MapDifference<String, Object> difference = Maps.difference(leftFlatMap, rightFlatMap);

System.out.println("Entries only on left\n--------------------------");
difference.entriesOnlyOnLeft().forEach((key, value) -> System.out.println(key + ": " + value));

System.out.println("\n\nEntries only on right\n--------------------------");
difference.entriesOnlyOnRight().forEach((key, value) -> System.out.println(key + ": " + value));

System.out.println("\n\nEntries differing\n--------------------------");
difference.entriesDiffering().forEach((key, value) -> System.out.println(key + ": " + value));

System.out.println("\n\nEntries in common\n--------------------------");
difference.entriesInCommon().forEach((key, value) -> System.out.println(key + ": " + value));

It will produce the following output:

Entries only on left
--------------------------
/address: null
/phones/1/number: 999999999
/phones/1/type: mobile
/company: Acme


Entries only on right
--------------------------
/name/nickname: Jenny
/groups/0: close-friends
/groups/1: gym
/favorite: true


Entries differing
--------------------------
/birthday: (1980-01-01, 1990-01-01)
/occupation: (Software engineer, null)
/name/first: (John, Jane)
/phones/0/number: (000000000, 111111111)
/phones/0/type: (home, mobile)


Entries in common
--------------------------
/name/last: Doe

This comparison method doesn’t take into account the order of the properties of objects, but it does take into account the order of the elements in arrays.
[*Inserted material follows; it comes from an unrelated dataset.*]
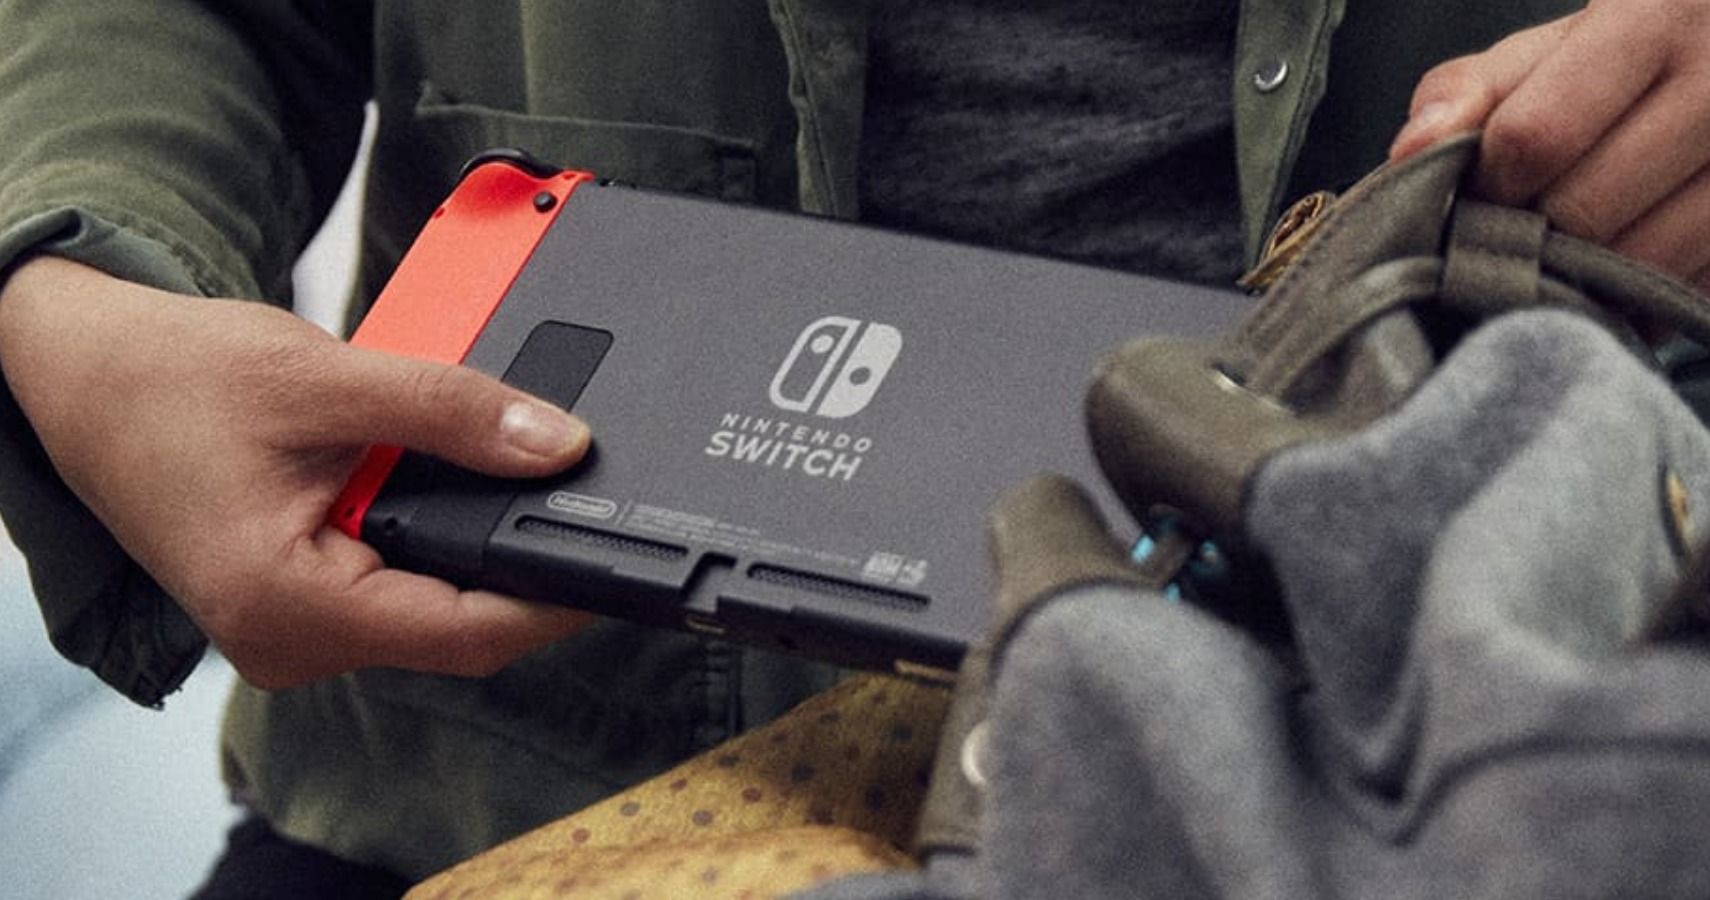 Nintendo Switch Cover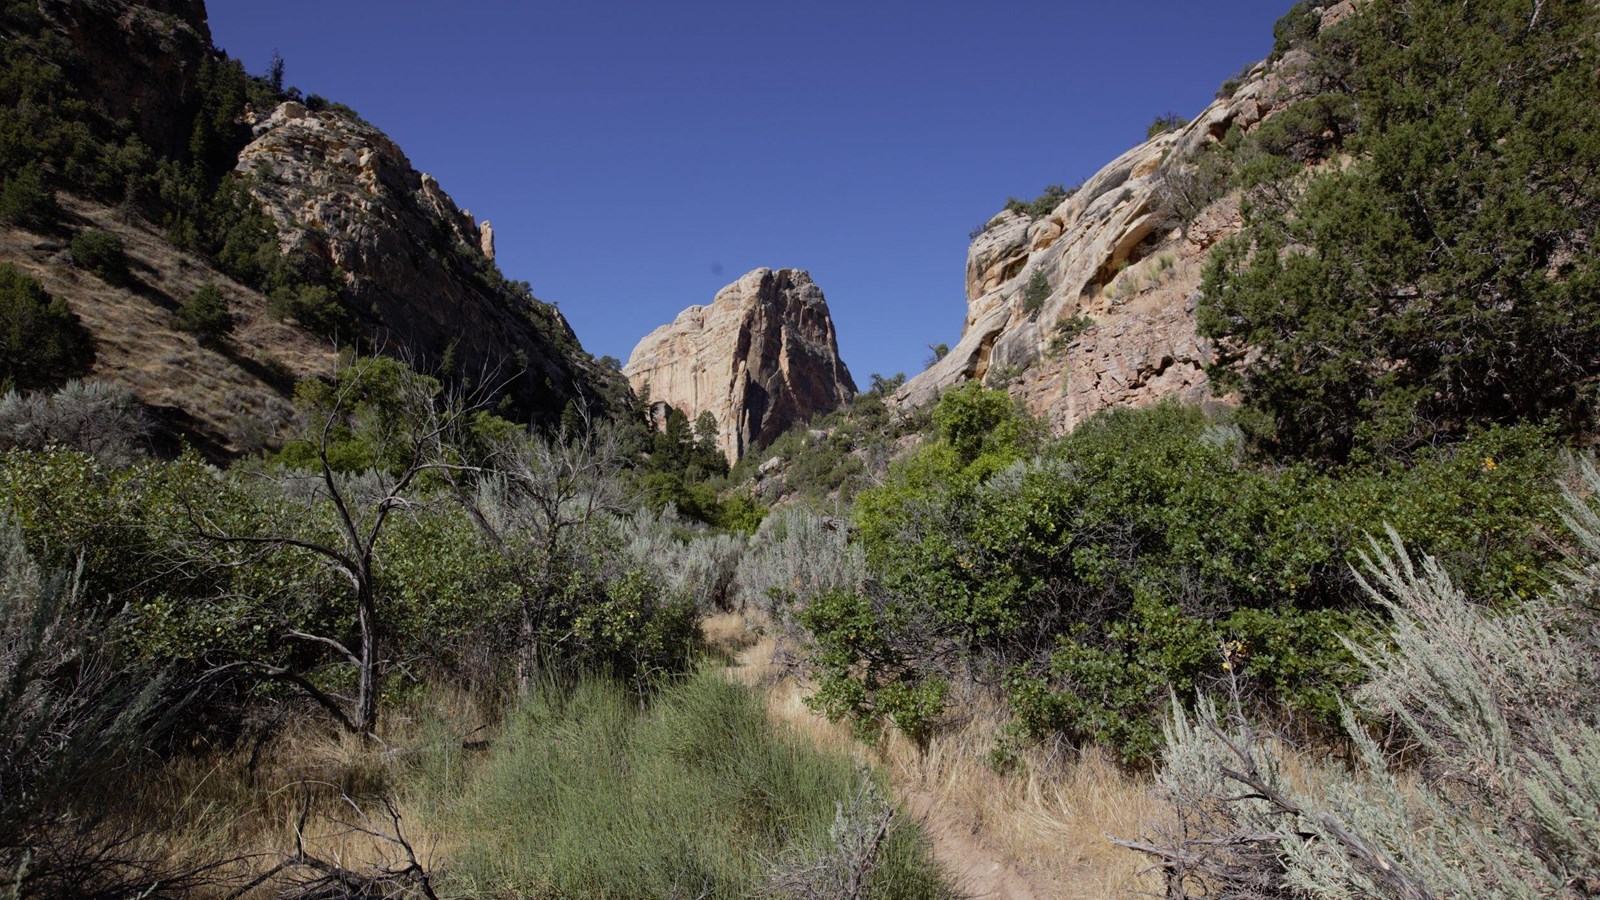 A small dirt trail winding through desert trees and shrubs towards a large sandstone bluff.

Quoting the RFC 8259, the document that defines the JSON format (highlights are mine):

An object is an unordered collection of zero or more name/value pairs, where a name is a string and a value is a string, number, boolean, null, object, or array.

An array is an ordered sequence of zero or more values.


I recently put together another post describing how to compare JSON documents using JSON-P. It’s worth reading!

The approach described in the other post focus in producing a JSON document that represents the differences between the two documents that have been compared. And the great thing about this is that the diff document can then be merged with the first JSON document that has been compared, yielding the second JSON document that has been compared.